• _RECORDED INFORMATION_
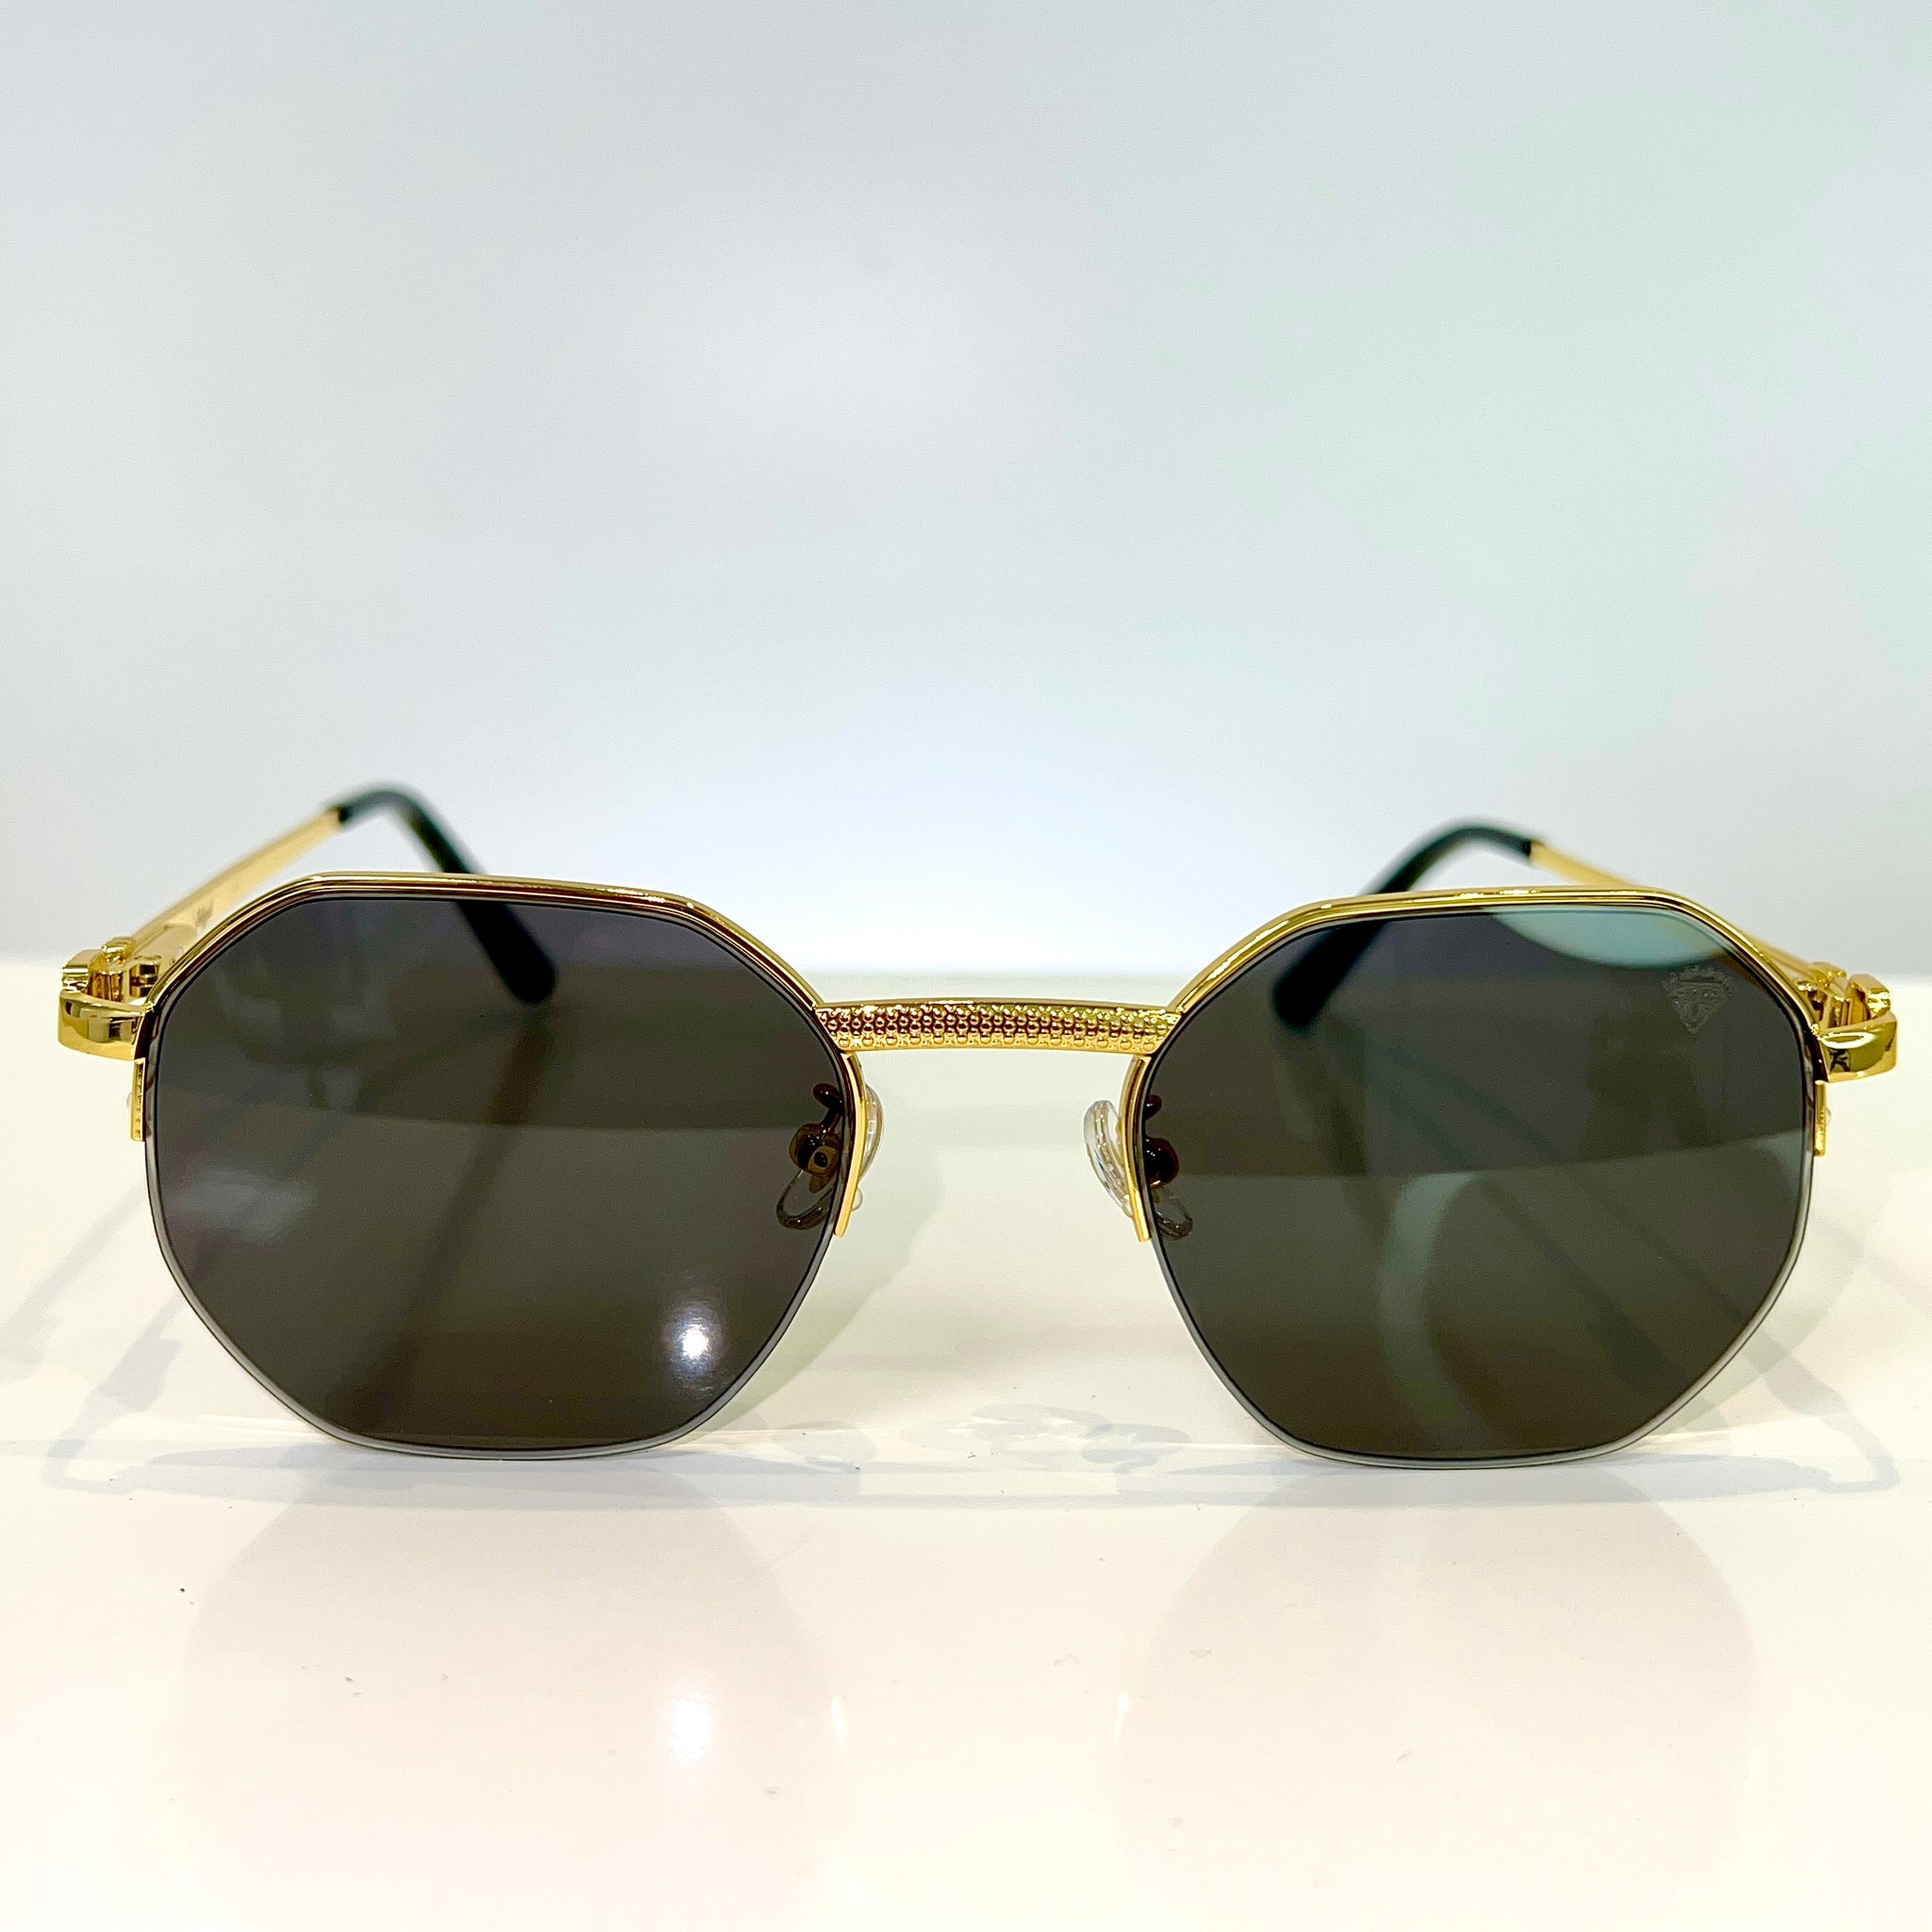 Los Angeles Glasses - 14 carat gold plated -  Black Shade
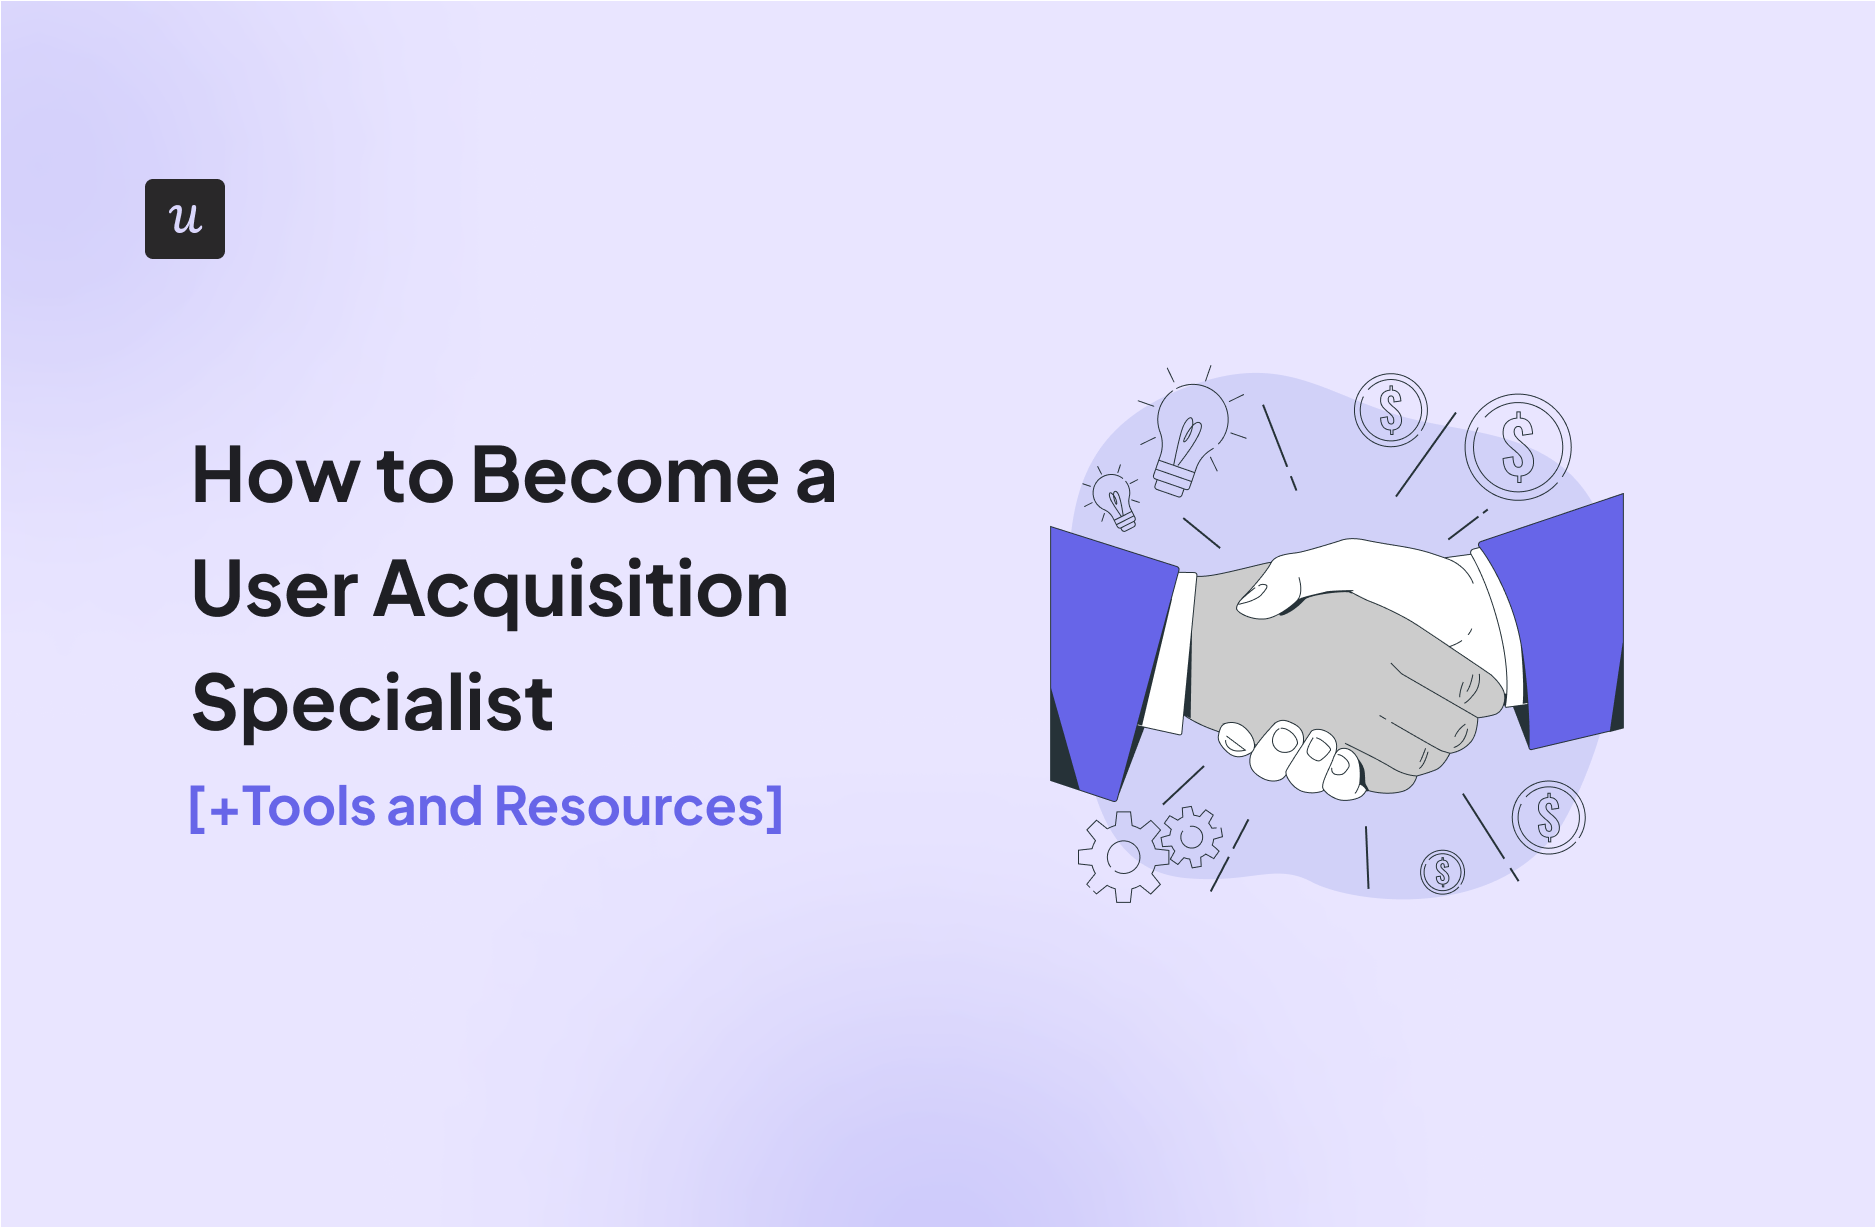 How to Become a User Acquisition Specialist [+Tools and Resources]
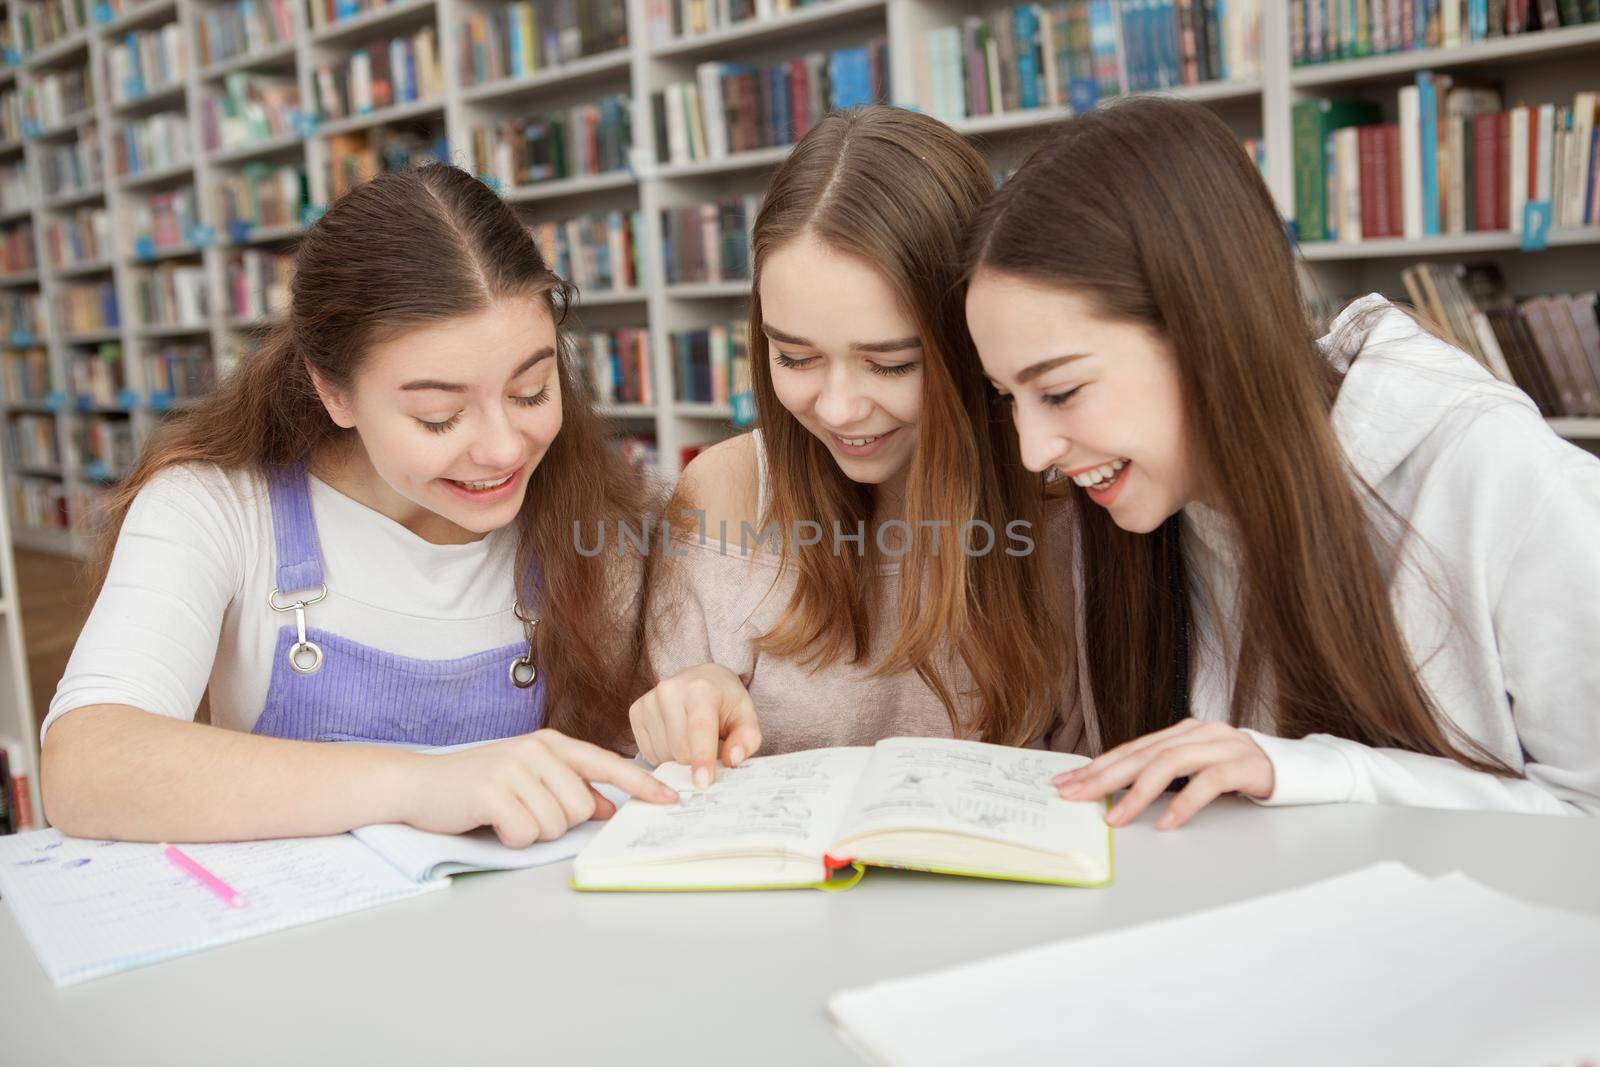 Cheerful teenage girls laughing while reading a book together at school library

• _WHAT THE TASK ASKS_
A faithful copy of all the data above, without its pictures, is the expected result.

• _ANSWER TO THIS EXERCISE_
 Los Angeles Glasses - 14 carat gold plated -  Black Shade
 How to Become a User Acquisition Specialist [+Tools and Resources]
 Cheerful teenage girls laughing while reading a book together at school library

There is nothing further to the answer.